On most mortality metrics, Northeastern states (Massachusetts, Connecticut, New York, New Jersey) do show lower age-adjusted death rates for heart disease, cancer, diabetes, and stroke. Higher median incomes, better health insurance coverage rates, denser healthcare systems, lower smoking rates, and lower obesity rates all contribute. However, Northeastern states had among the highest opioid overdose death rates in the early 2010s due to aggressive prescription opioid distribution. "Healthier" depends significantly on which cause of death you are measuring.
Do rural vs. urban differences explain regional patterns?
Rural-urban differences explain a significant portion of regional health disparities. Rural areas across the US (not just the South) have higher mortality rates for most chronic diseases, as well as higher rates of drug overdoses and suicide. Limited healthcare access, lower incomes, higher uninsured rates, more physically demanding occupations, higher smoking rates, and reduced access to healthy food options all contribute. The South and Appalachia have higher concentrations of rural populations, which amplifies regional patterns.
How much of the disparity is explained by poverty vs. behavior vs. healthcare?

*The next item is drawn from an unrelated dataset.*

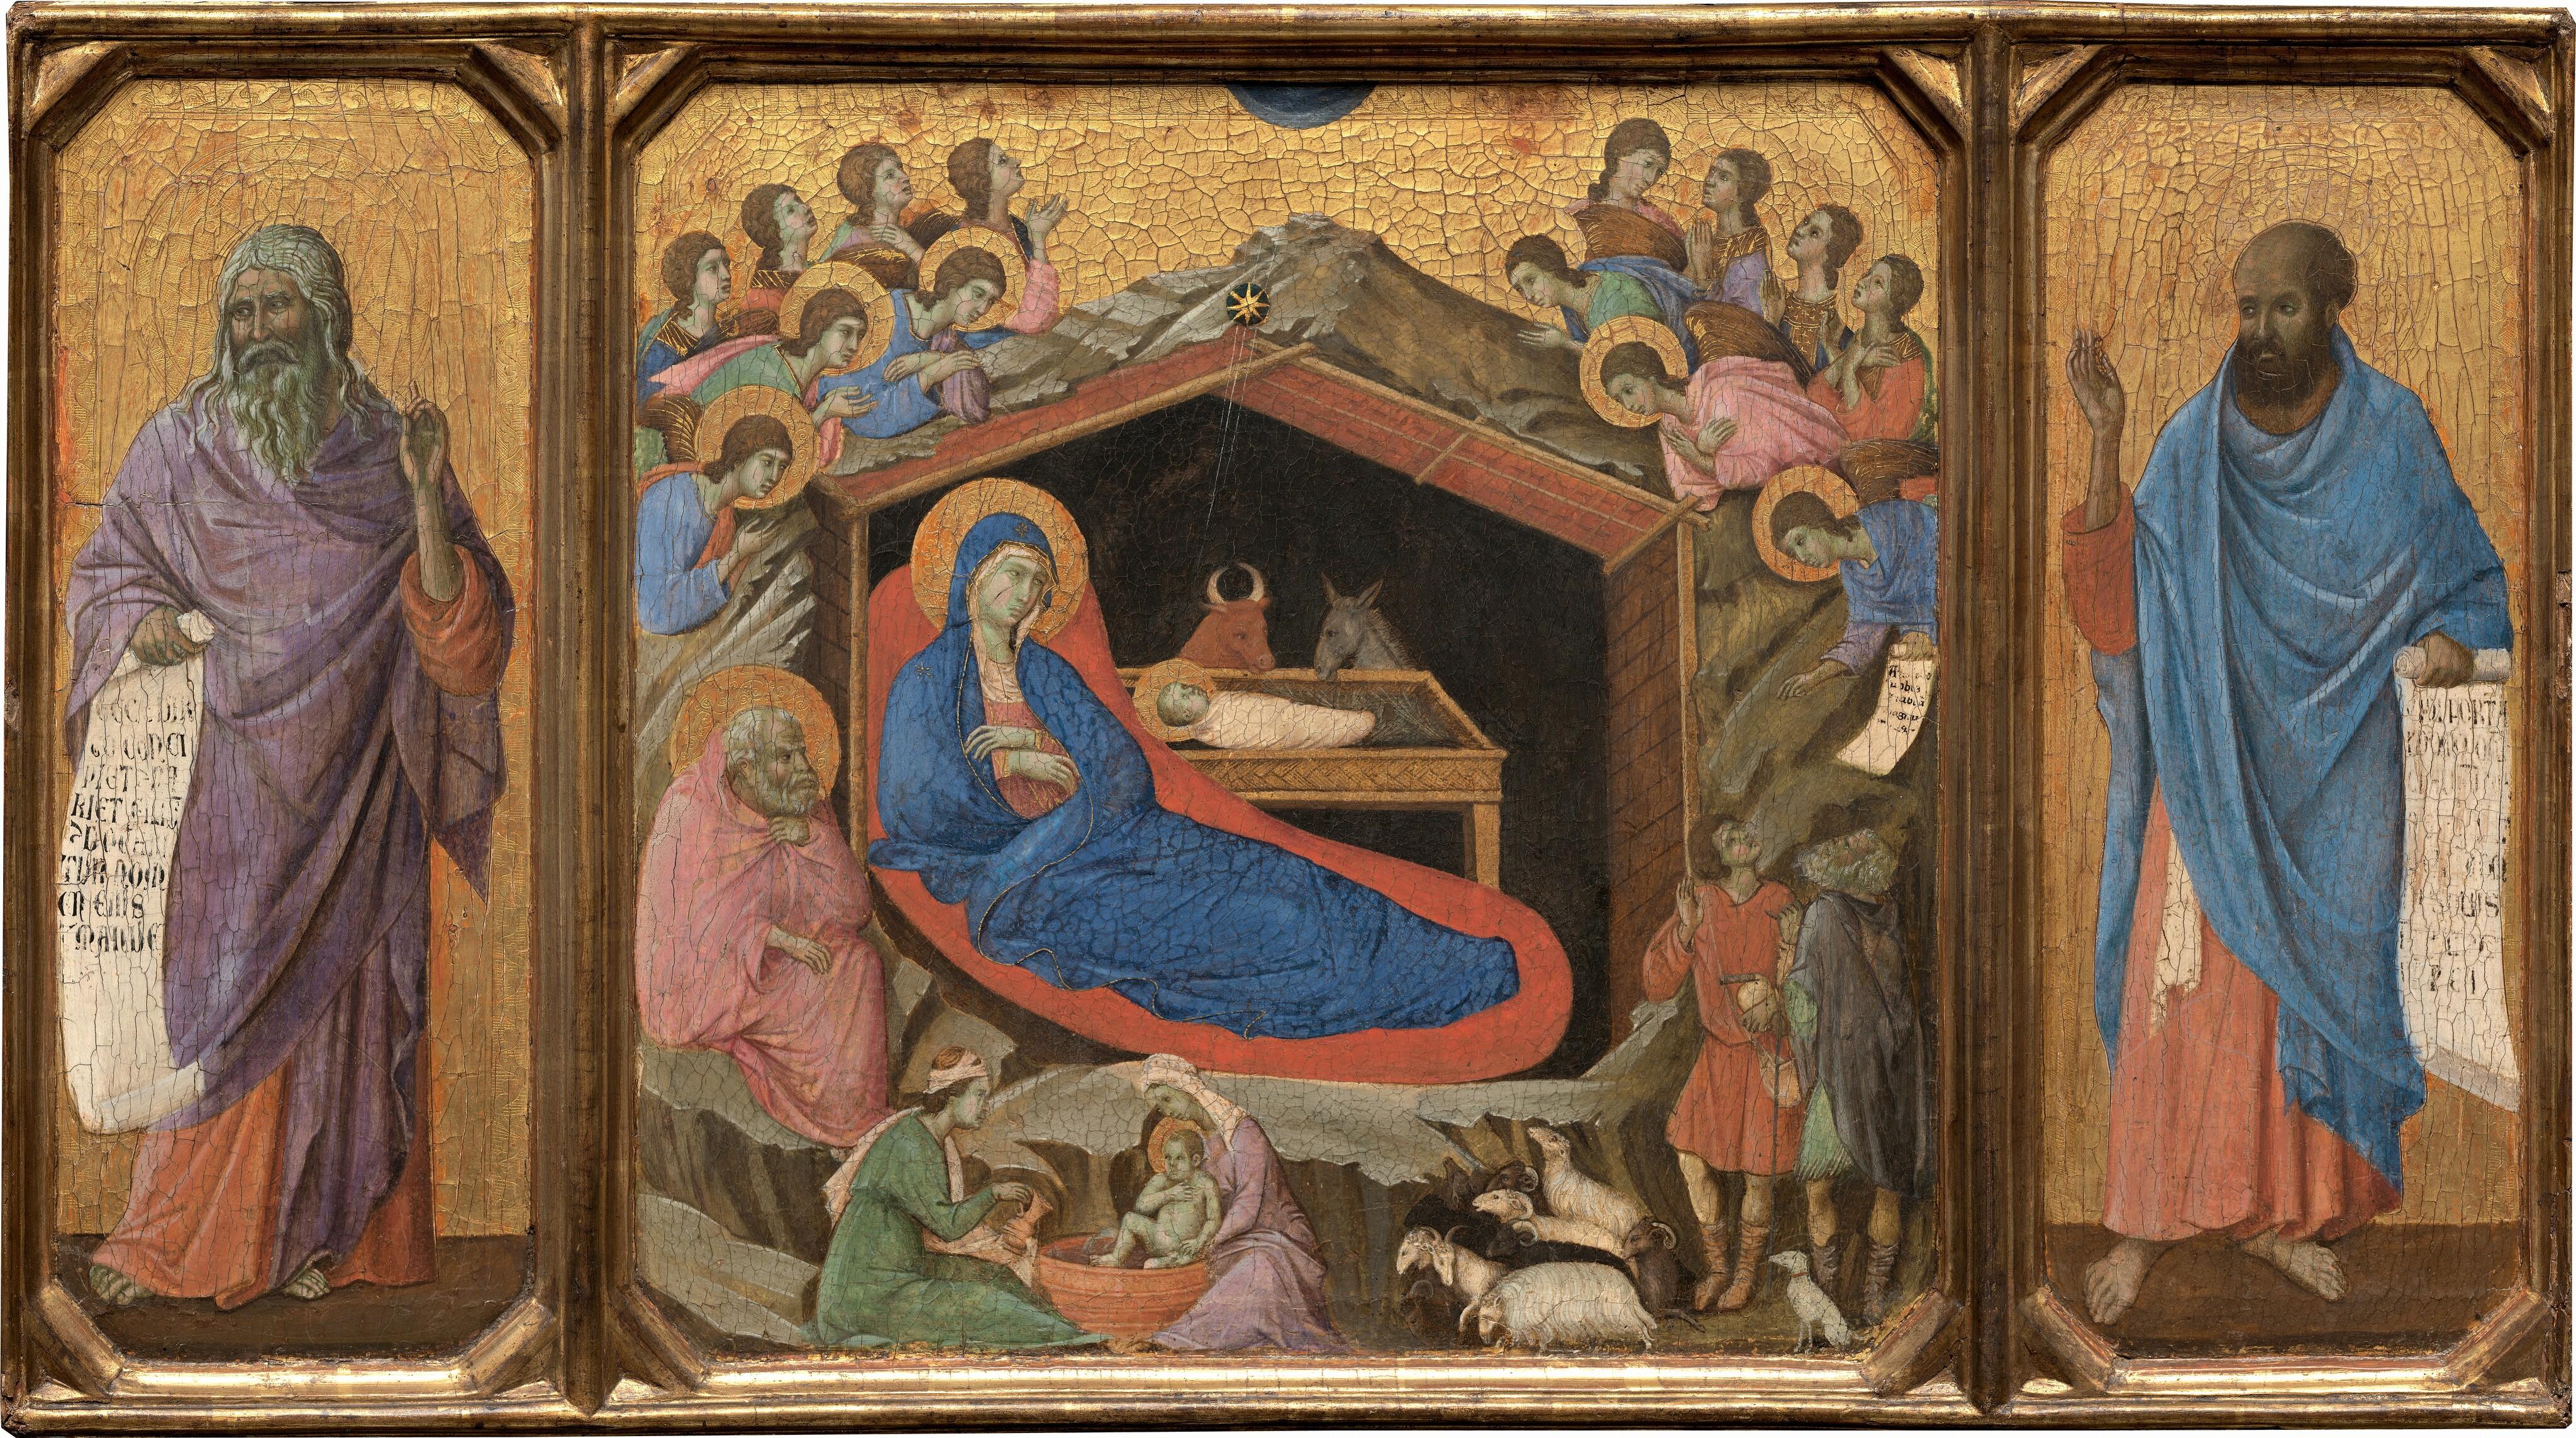 Duccio di Buoninsegna, Η Γέννηση και οι προφήτες Ησαΐας και Ιεζεκιήλ, National Gallery of Art, Washington.

Research suggests all three factors contribute substantially, and they are difficult to separate because they are correlated. States with higher poverty rates also tend to have lower healthcare access and higher rates of health-risk behaviors (smoking, obesity). Studies that statistically control for income still find significant health disparities by region, suggesting poverty does not fully explain the patterns. Behaviors explain a substantial share, Utah's low mortality rates are partially linked to the large Mormon population with very low smoking rates. Healthcare access also matters significantly, particularly for conditions like heart disease where prompt treatment dramatically affects survival.
Sources
- CDC National Center for Health Statistics, Leading Causes of Death, 1999–2017
- CDC, Health Disparities & Inequalities Report
- Robert Wood Johnson Foundation, County Health Rankings
- US Census Bureau, State Population and Income Data
This content is for informational purposes only and does not constitute medical advice. For health concerns, consult a qualified healthcare provider.